Will the Minister of State carry back a request from me that there would be an immediate, urgent consultation with all of the farmers in the two pilot area as to exactly what is going on, when consent was given, on what basis agreement was reached, whether they were made aware of this insurance policy, and if they have had sight of it? These are fundamental issues because there was one key ingredient to the success of this, which was farmers' support, consent and agreement. We are in danger of losing that through lack of interaction with the farmers. No other local group is any good. It has to be with the landowners. We know well enough in Ireland about the traditions of owning land, how precious land is to people and how they are very anxious to preserve their rights in their own land.

They are generous with it as long as one does that.

I thank the Leas-Cheann Comhairle. I understand Deputy Ó Cuív’s concern regarding the mountain access project and I will bring back his commentary on it to the Minister, Deputy Humphreys. Embracing Ireland’s Outdoors commits to expanding the mountain access project with a timeline to the end of 2023. The Department wants to ensure that there is appropriate guidance before it is expanded. This guidance has been developed by the subgroup of Comhairle na Tuaithe. The subgroup has the farming organisations represented on it and expansion will be done with the co-operation of the farming organisations. The important piece here is the landowners.
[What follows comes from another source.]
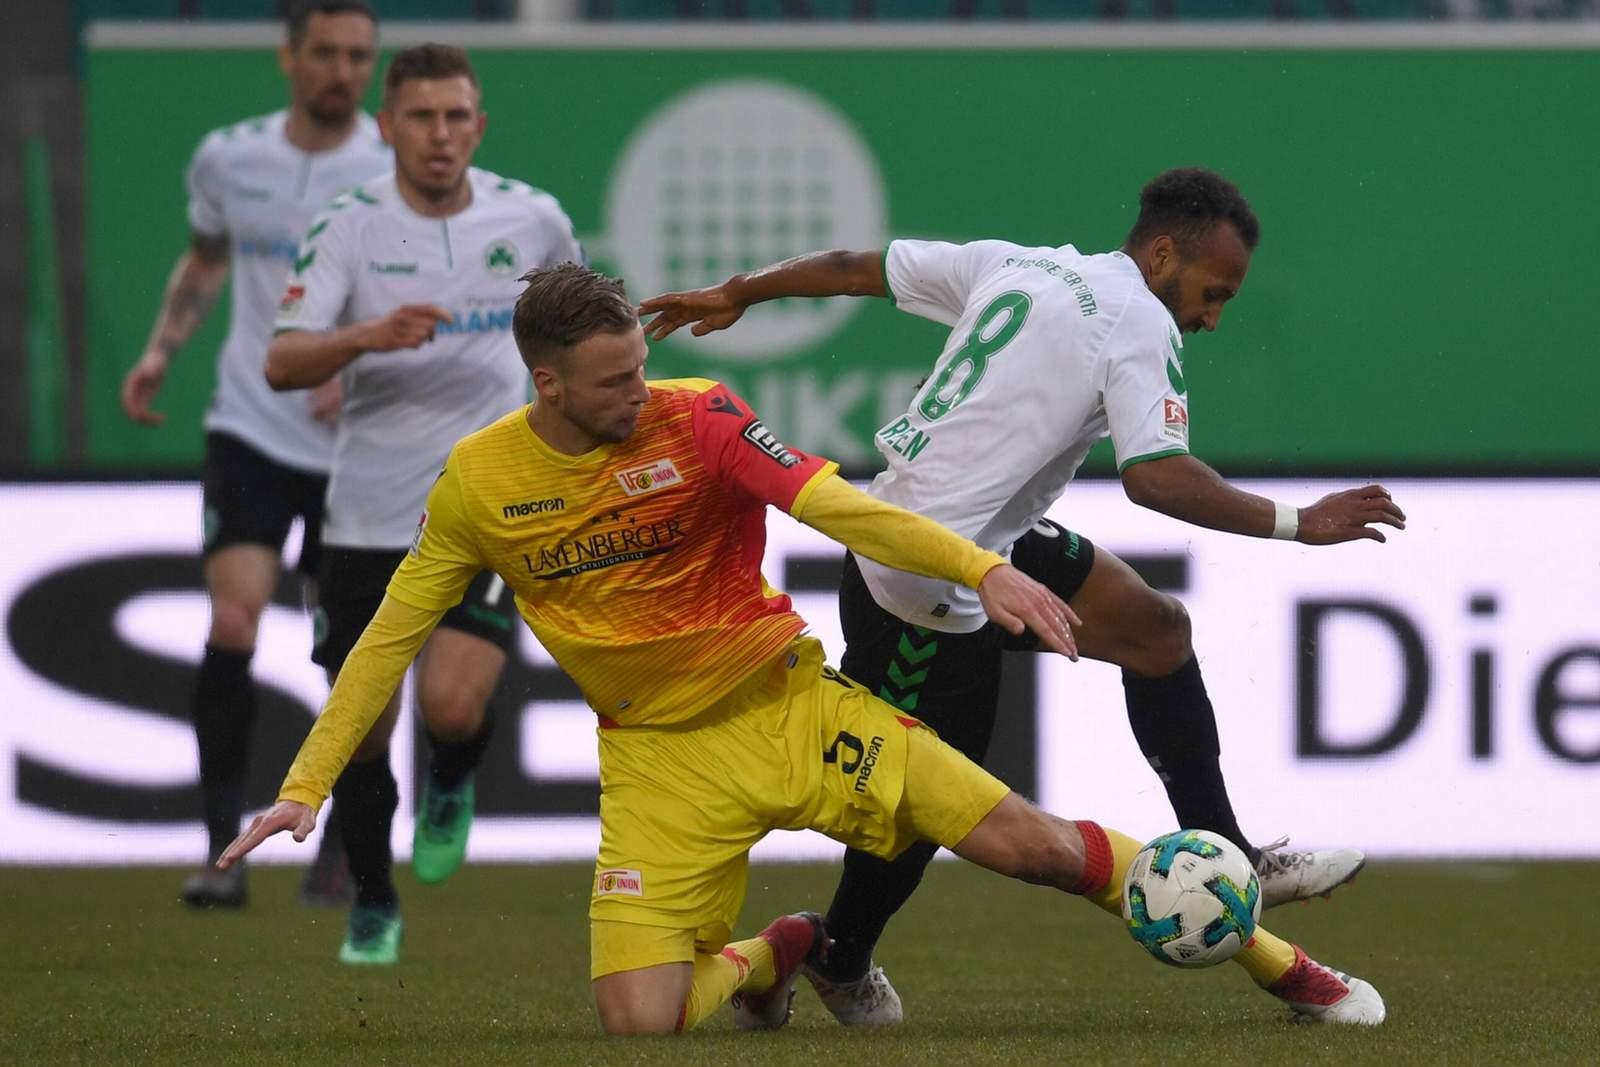 Stellt sich Marvin Friedrich auch Julian Green erfolgreich in den Weg? Jetzt auf Union Berlin gegen Fürth wetten.

As regards the farming organisations, most farmers are not in these organisations.

That is the piece which involves the farmers and the landowners. I will bring that back to the Minister, Deputy Humphreys. I understand officials from the Department of Rural and Community Development met with representatives of CDS Teo, Petersburg outdoor education and training centre and GeoPark last month regarding the mountain access project at Binn Shléibhe-Mount Gable. This meeting agreed that the Department would provide funding for an engagement officer to work with the local stakeholders and assist with any issues. In addition, the Department asked the IFA to assist at a local level.

Embracing Ireland’s Outdoors acknowledges the essential role landowners can play in facilitating permissive access to their lands while acknowledging that this goodwill and the legal rights of landowners must be respected by all recreational users. In the roll-out of the mountain access project and its expansion, this principle will continue to be respected and adhered to.